- _ASSIGNED TASK_
All lines from the one containing "Buy Cheap Socks" through the last line of the listing below are to be copied exactly. Exclude the pictures.

- _RECORDED INFORMATION_
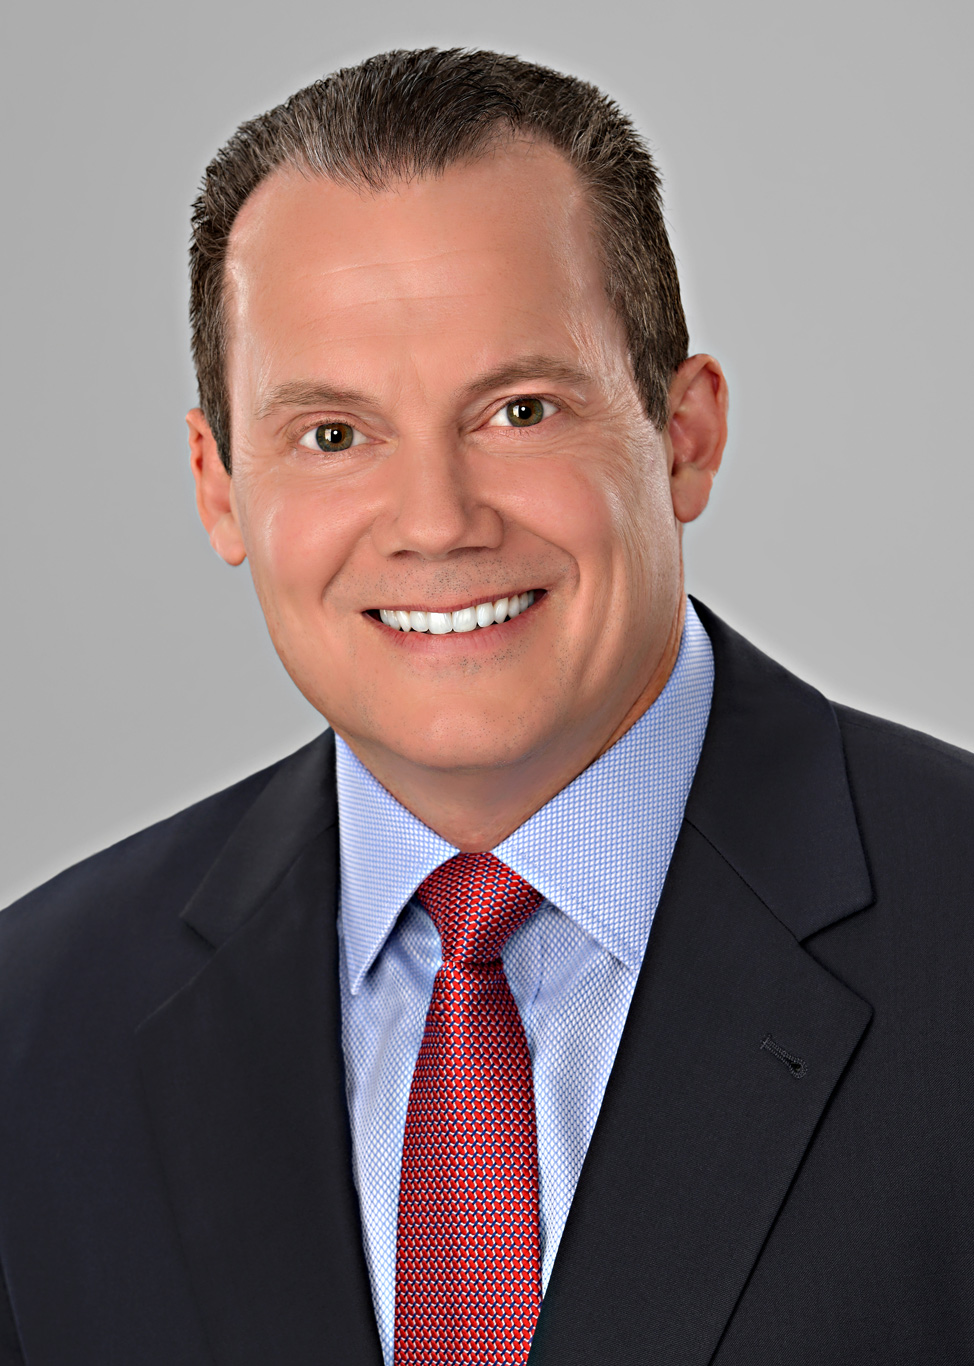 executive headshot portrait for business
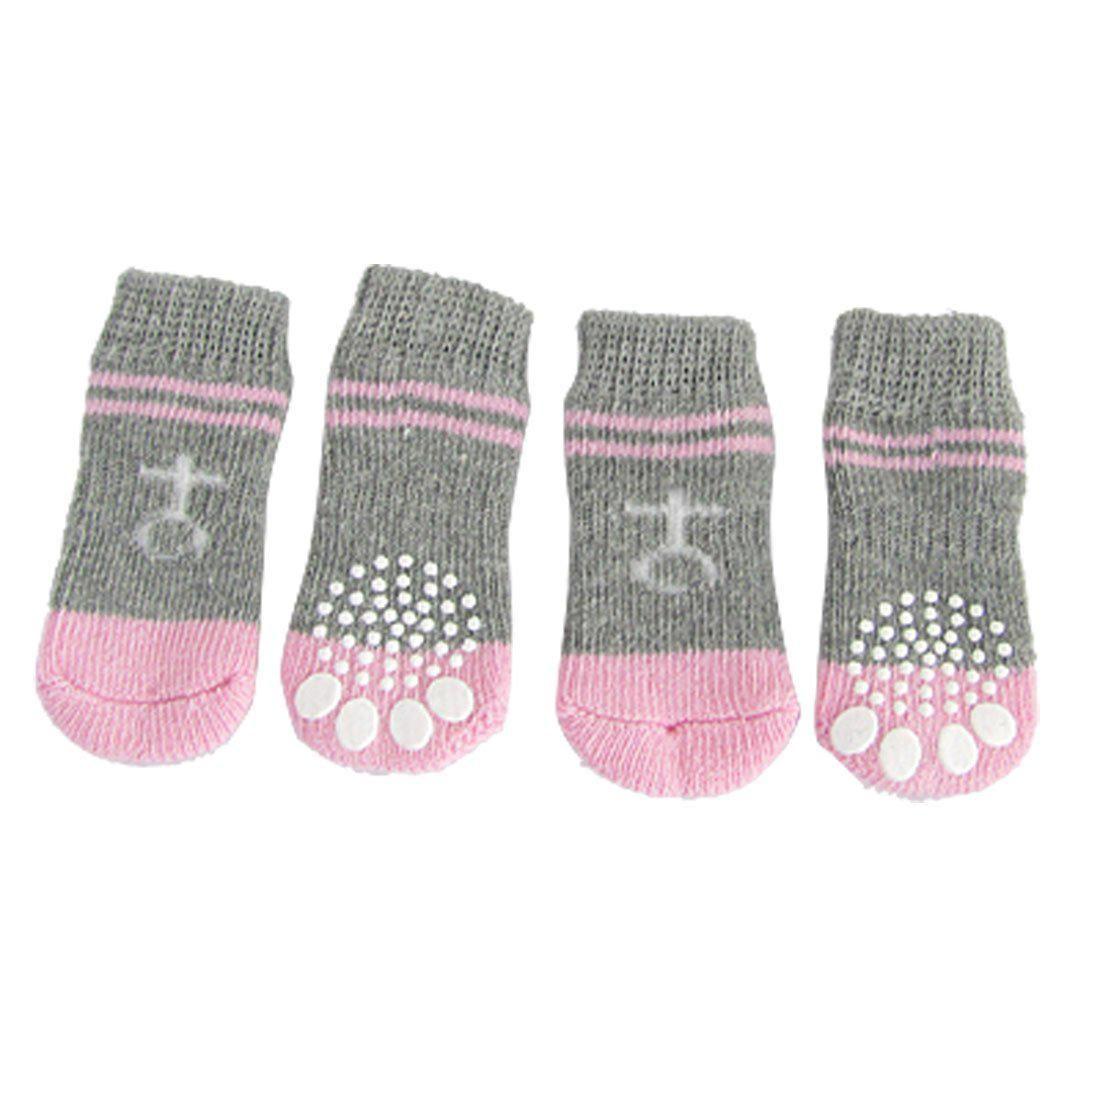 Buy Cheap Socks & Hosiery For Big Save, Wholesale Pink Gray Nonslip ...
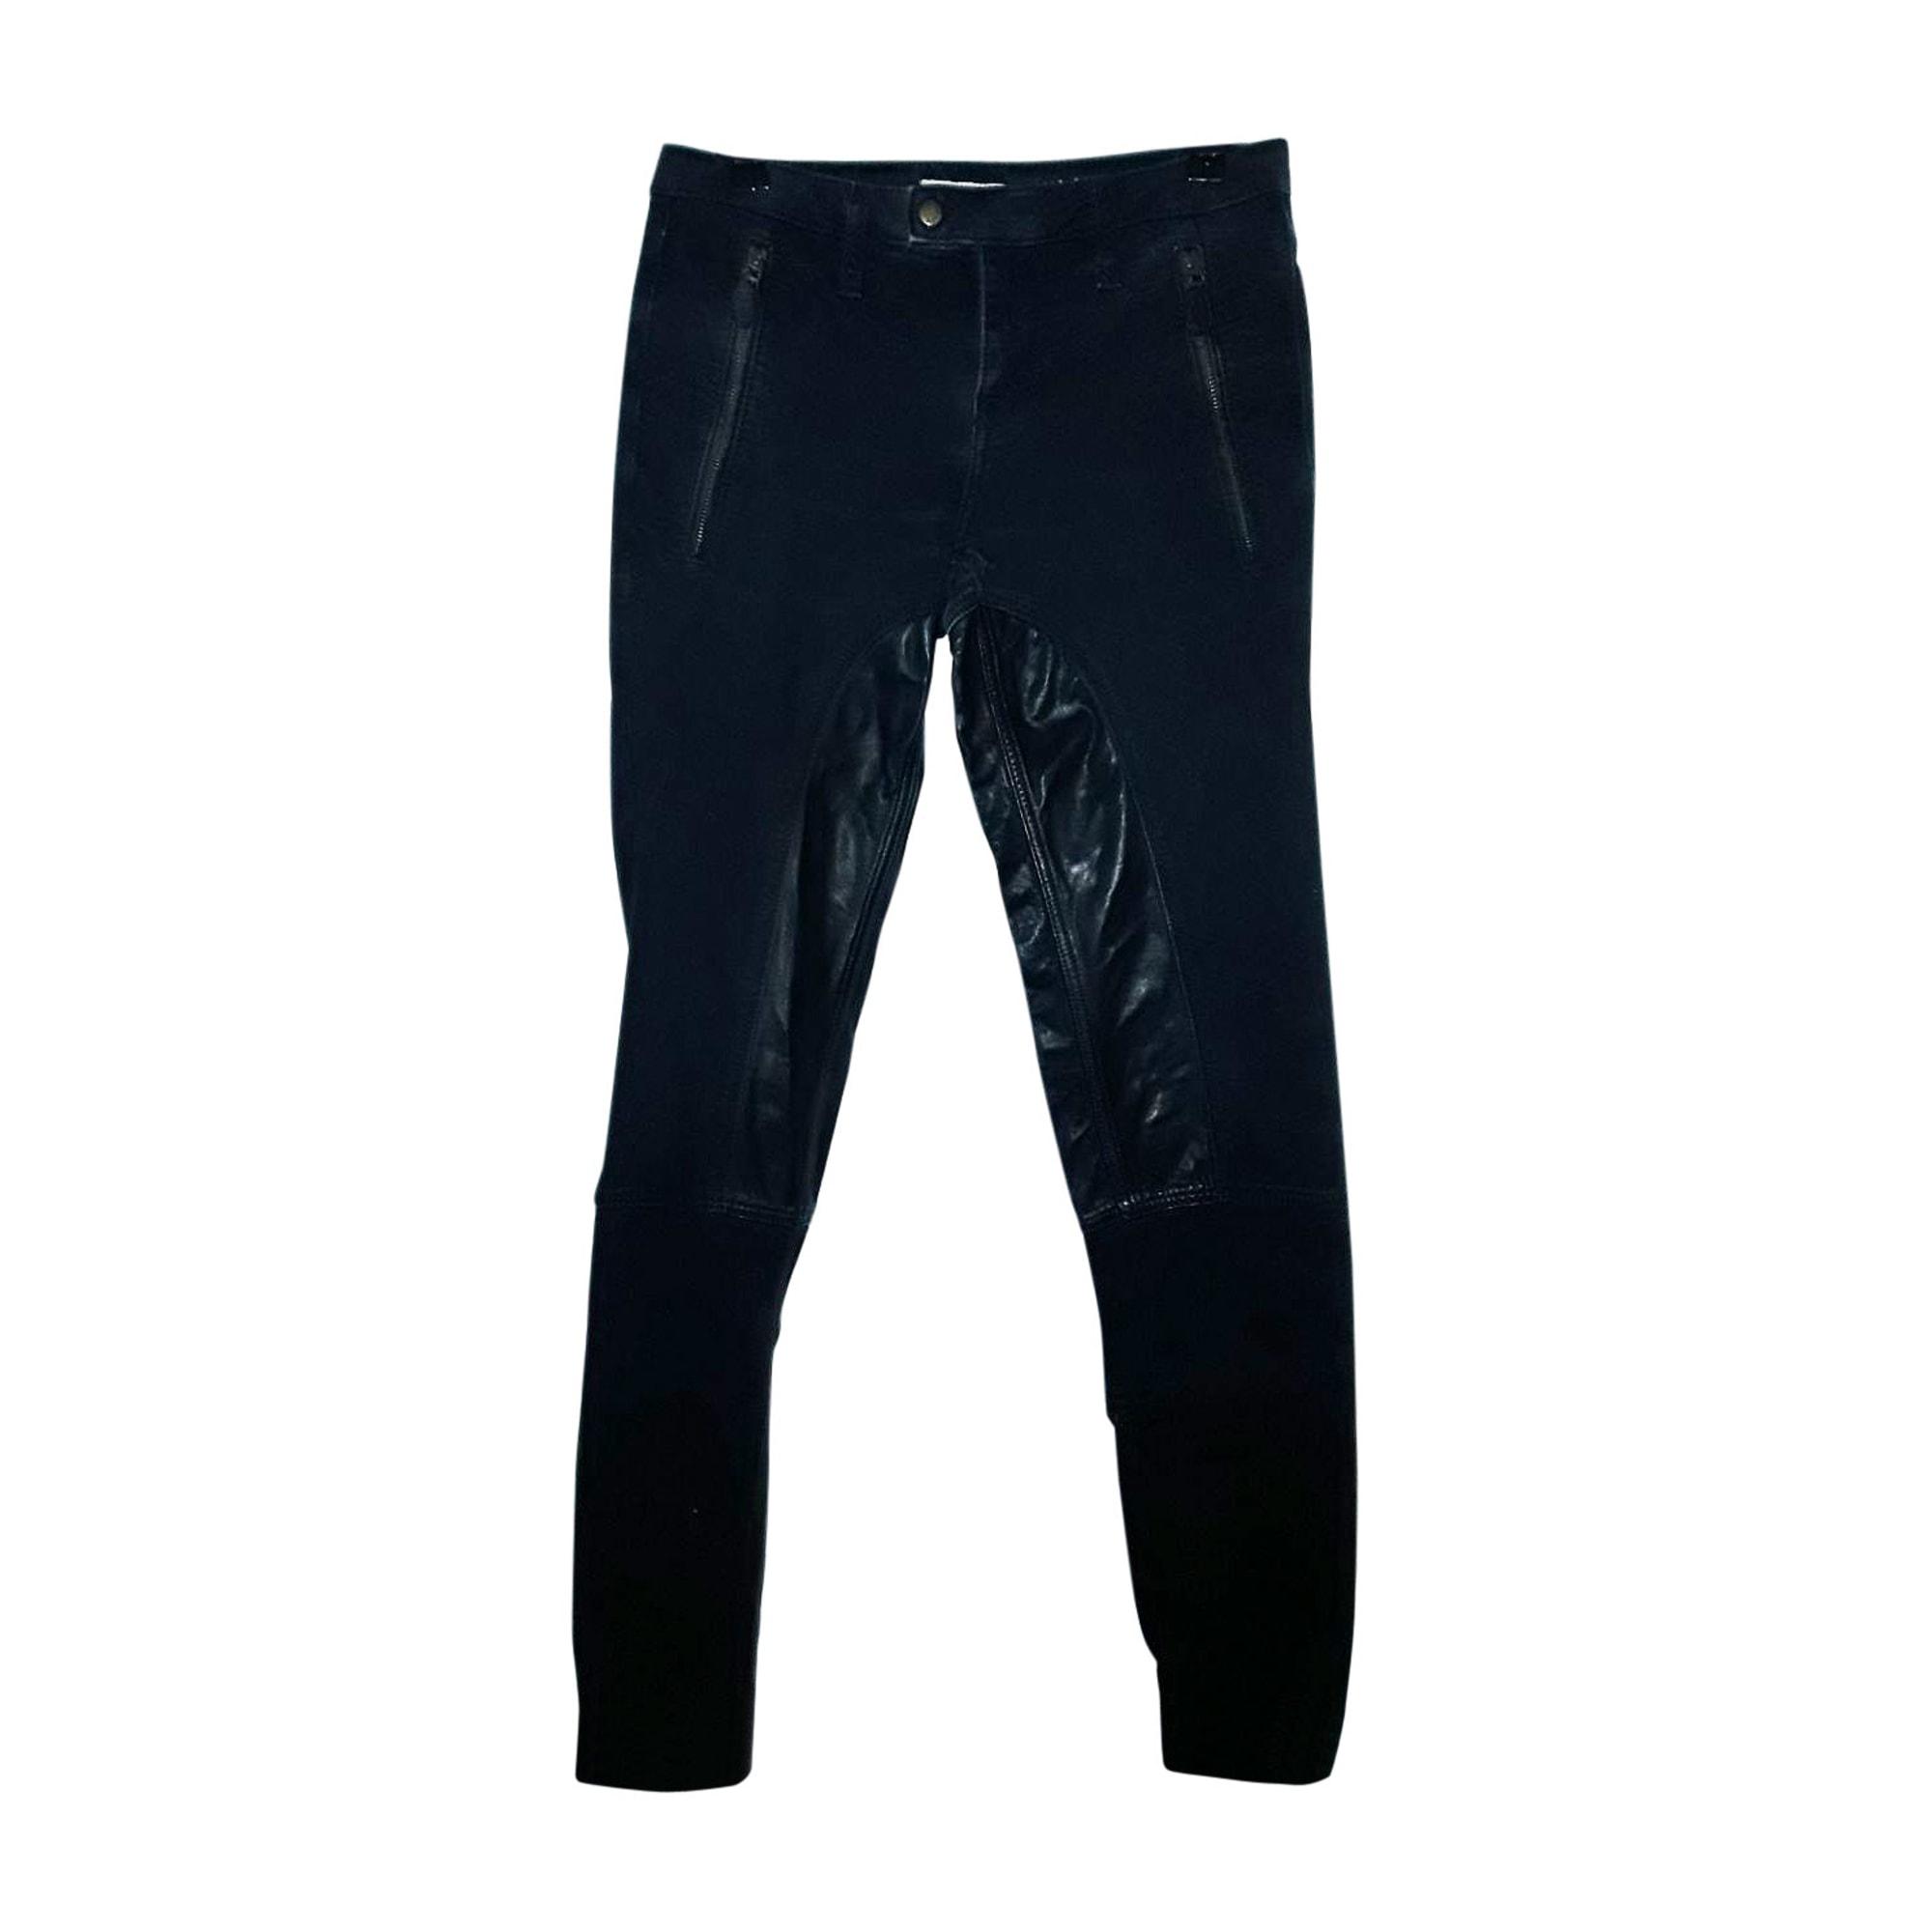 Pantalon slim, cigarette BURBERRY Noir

- _EXERCISE ANSWER_
 Buy Cheap Socks & Hosiery For Big Save, Wholesale Pink Gray Nonslip ...
 Pantalon slim, cigarette BURBERRY Noir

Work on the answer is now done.